Strikingly, all the other interviews echo Peri’s statement. The repetition helps reinforce the idea that they agree that Israel bears inordinate responsibility for the Palestinian crisis. Avraham Shalom even compares their suffering to that of European nations living under German occupation during WWII, excluding the Holocaust.

Yuval Diskin, in turn, echoes the warning of Yeshayahu Leibowitz, the high priest of Israel’s anti-colonial left, who already in 1968 warned that the occupation would not only make the life of the occupied unbearable, but would also turn the occupier, Israel itself, into a Shin Bet state, a state ruled by its security services. What is striking, once again, is that all five (with the exception, perhaps, of Avi Dichter) appear to share this opinion.

No one embodies the paradoxes of The Gatekeepers better than the most senior head of the Shin Bet interviewed, Shalom. Indeed, one finds it hard to reconcile his image in the film, as an elderly gentleman who wears red suspenders and talks like a history professor, with his reputation as the head of the Shabak, said to be the most important man in Israel security circles at the time, a smart, powerful, aggressive — in short, a bully, in the words of one of his successors — whom everyone feared, Israelis included. One finds it difficult to reconcile his reputation with his present insistence that Israel must talk with each and every one of its enemies, with Hamas, with Islamic Jihad. Even with Mahmoud Ahmadinejad.

It is equally difficult to reconcile Shalom’s current stance with his previous directives, as head of the Shin Bet. When he comments on the Bus 300 affair, in which Shalom was accused of giving the order to assassinate two captured Palestinian terrorists, annoyed by the interviewer, he responds “forget about morality.” Morality does not come into the equation in the fight against terrorism. Yet, when Shalom comments on Shehadeh’s killing, he insists that not only “collateral damage,” the killing of innocent bystanders, does not make military or political sense. More importantly, it’s immoral. It may not be consistent, obviously, but Shalom’s statements nonetheless speak to a lack of conviction, within the Shabak itself, that its conduct is consistently justifiable.

Such contradictions constitute their own harsh censure, of the Israeli political system, and of Israel’s political echelon in particular, not from the outside, but from its very core.

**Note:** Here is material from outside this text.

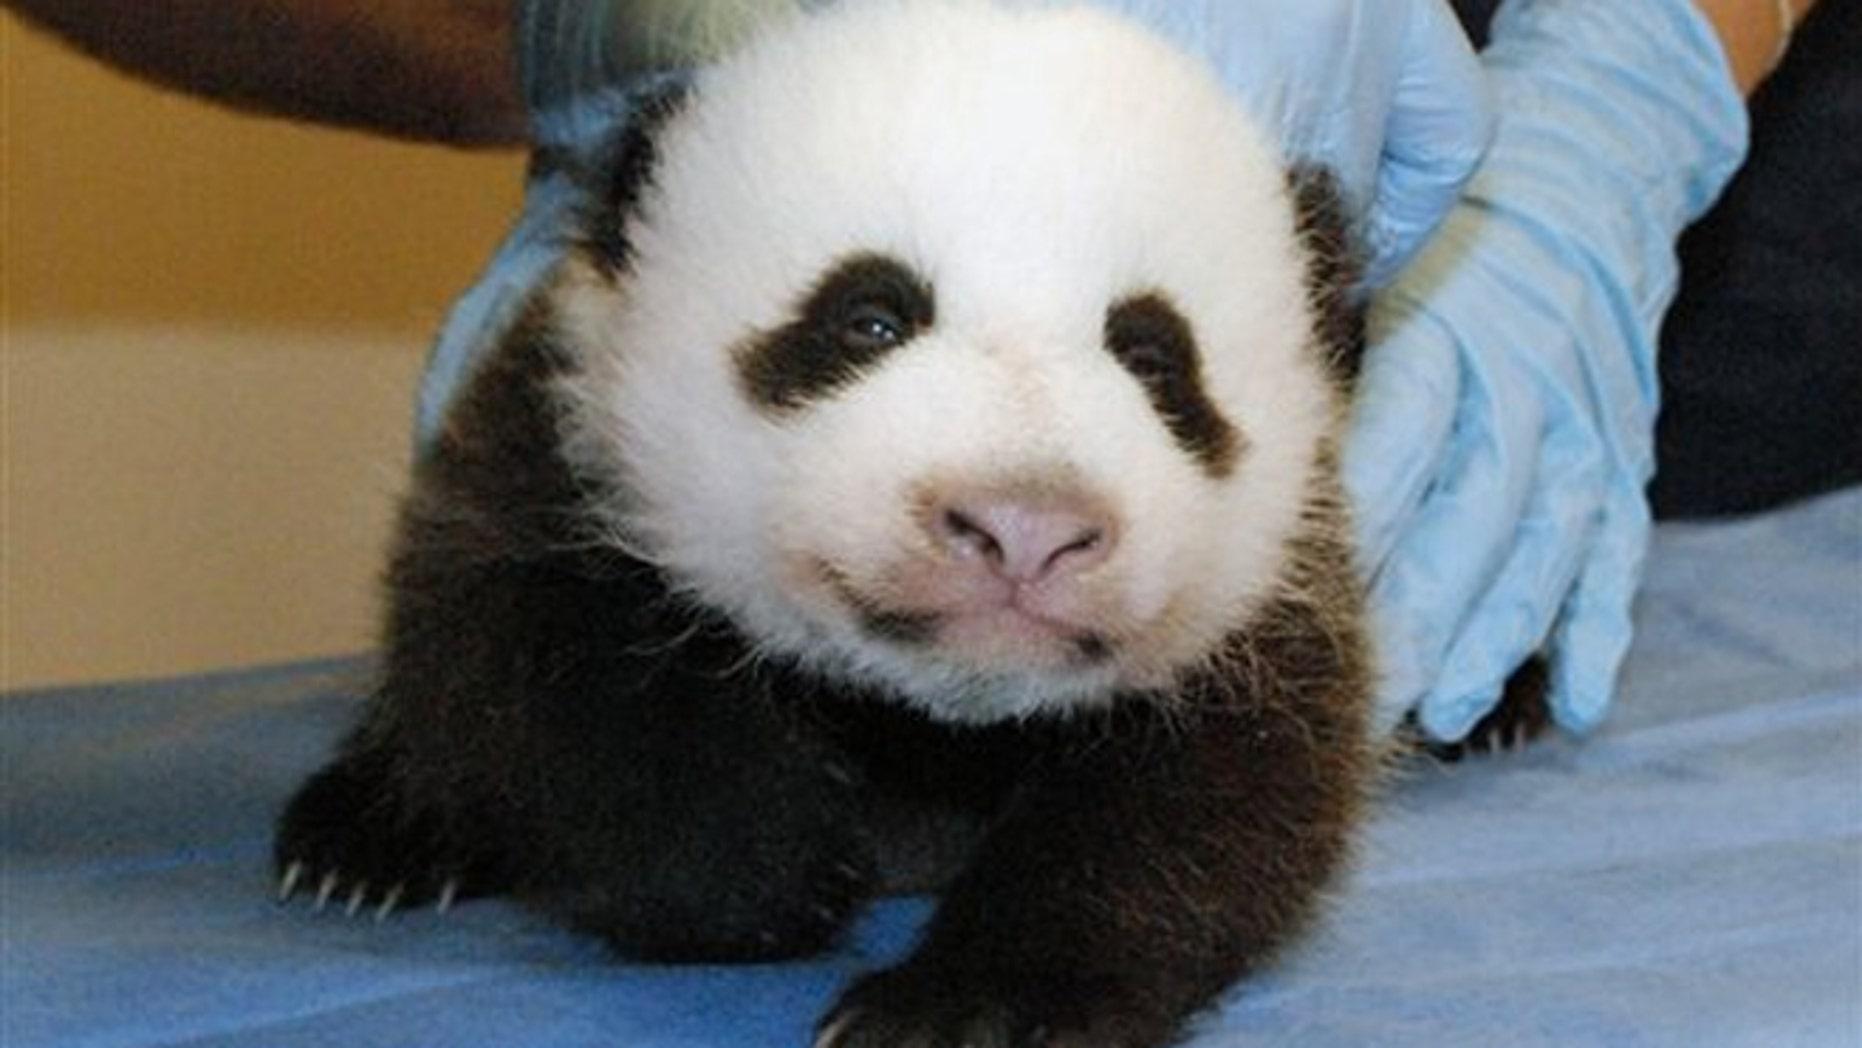 FILE: Mei Xiang's giant panda cub undergoing an exam on Oct. 11, 2013, at the zoo in Washington.

Contrary to public perception, Israeli governments, the five intelligence chiefs suggest, are captive to the Palestinian-Israeli conflict.

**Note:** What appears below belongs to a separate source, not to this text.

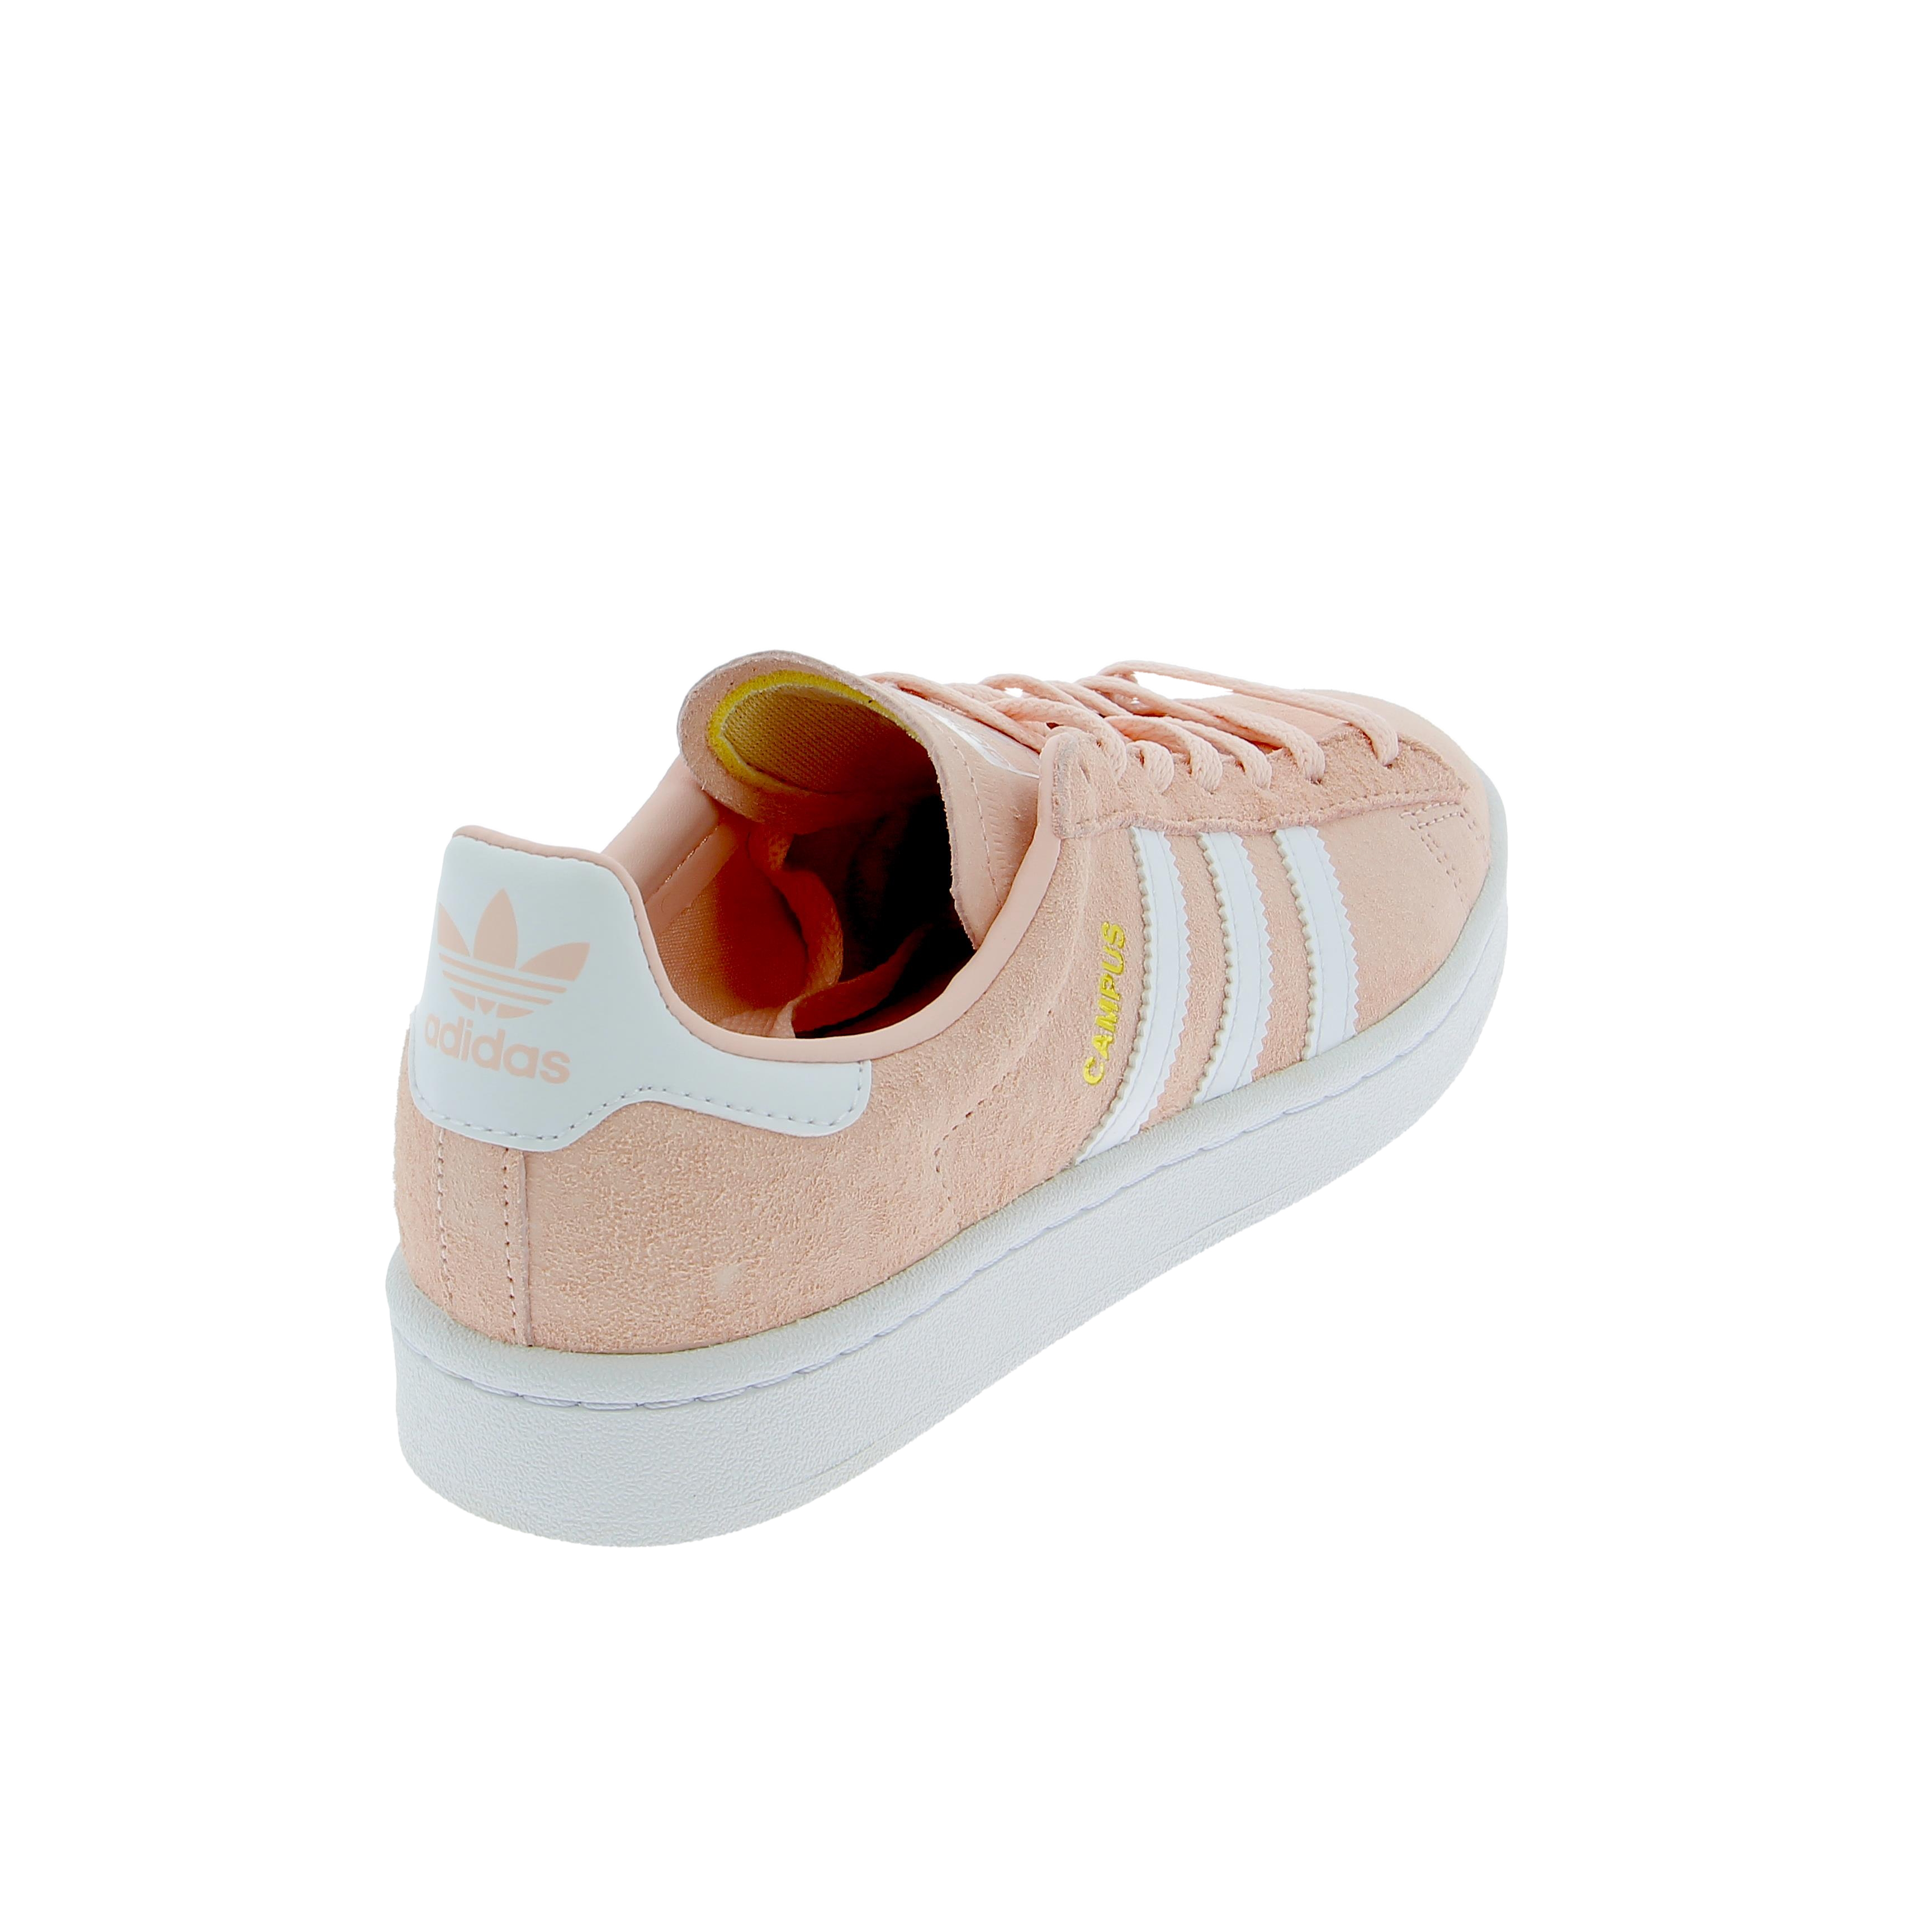 Adidas Sneakers roze

Palestinian resistance saves Israeli governments (and the Shin Bet) from the need to negotiate with the Palestinians. Palestinian resistance allows Israeli governments to focus all of their energies on the effort to contain and curb it. Palestinian resistance allows Israel, in other words, to ignore the Palestinians, their aspirations, and their predicament under Israeli rule. The Israeli handling of the “Palestinian problem” is thus done with no directing hand, with no wise people to deliberate the situation, in order to make the best decision on behalf of Israelis.

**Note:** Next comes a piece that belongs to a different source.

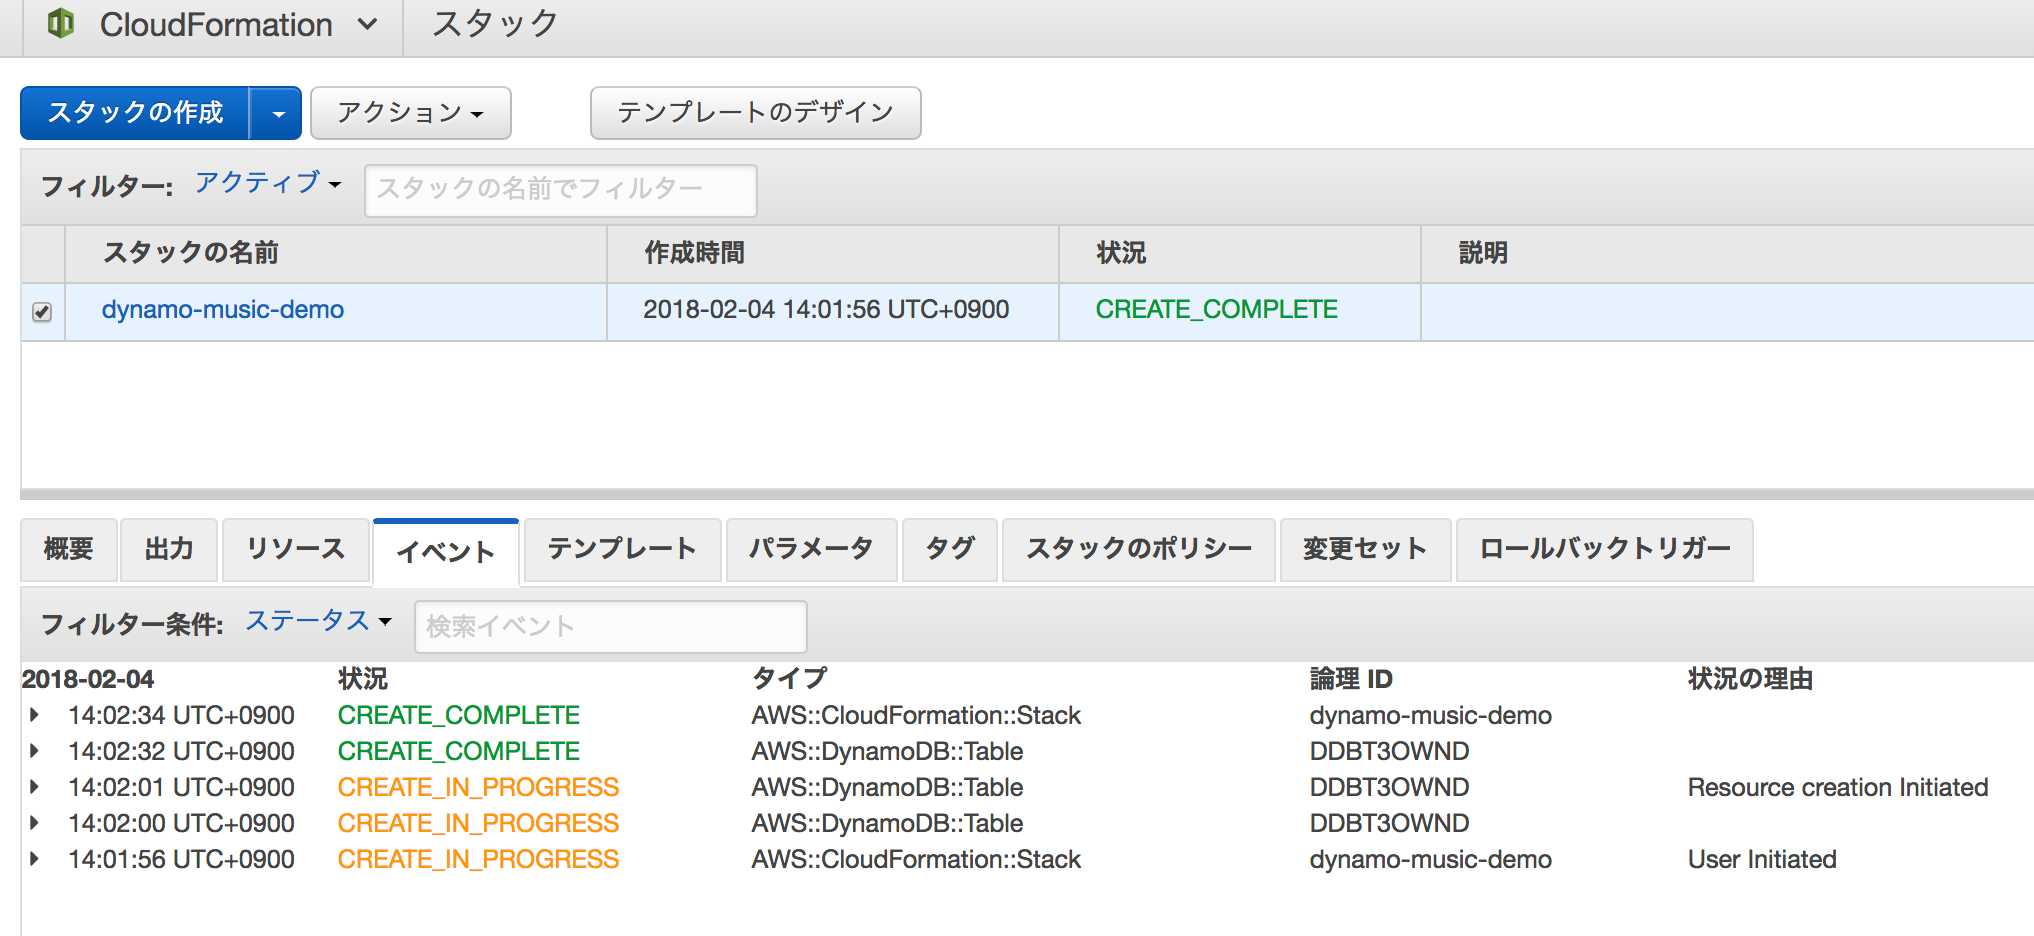 AWS CloudFormationでAmazon DynamoDBテーブルを作ってアイテム

As disturbing as this sounds, it is equally difficult to come to terms with Moreh’s interviewees. What is to be learnt from their willingness to carry out their assigned job?  What is to be made of a security leadership that inevitably moves left, but to no avail? Clearly, if such wisdom is to be gained from their experiences, what’s their point of speaking out in the first place? One would think that if Israel’s security leadership was so self-reflexive, it would take the initiative to end the conflict, once and for all. However, it doesn’t. The Gatekeepers doesn’t offer any answers why.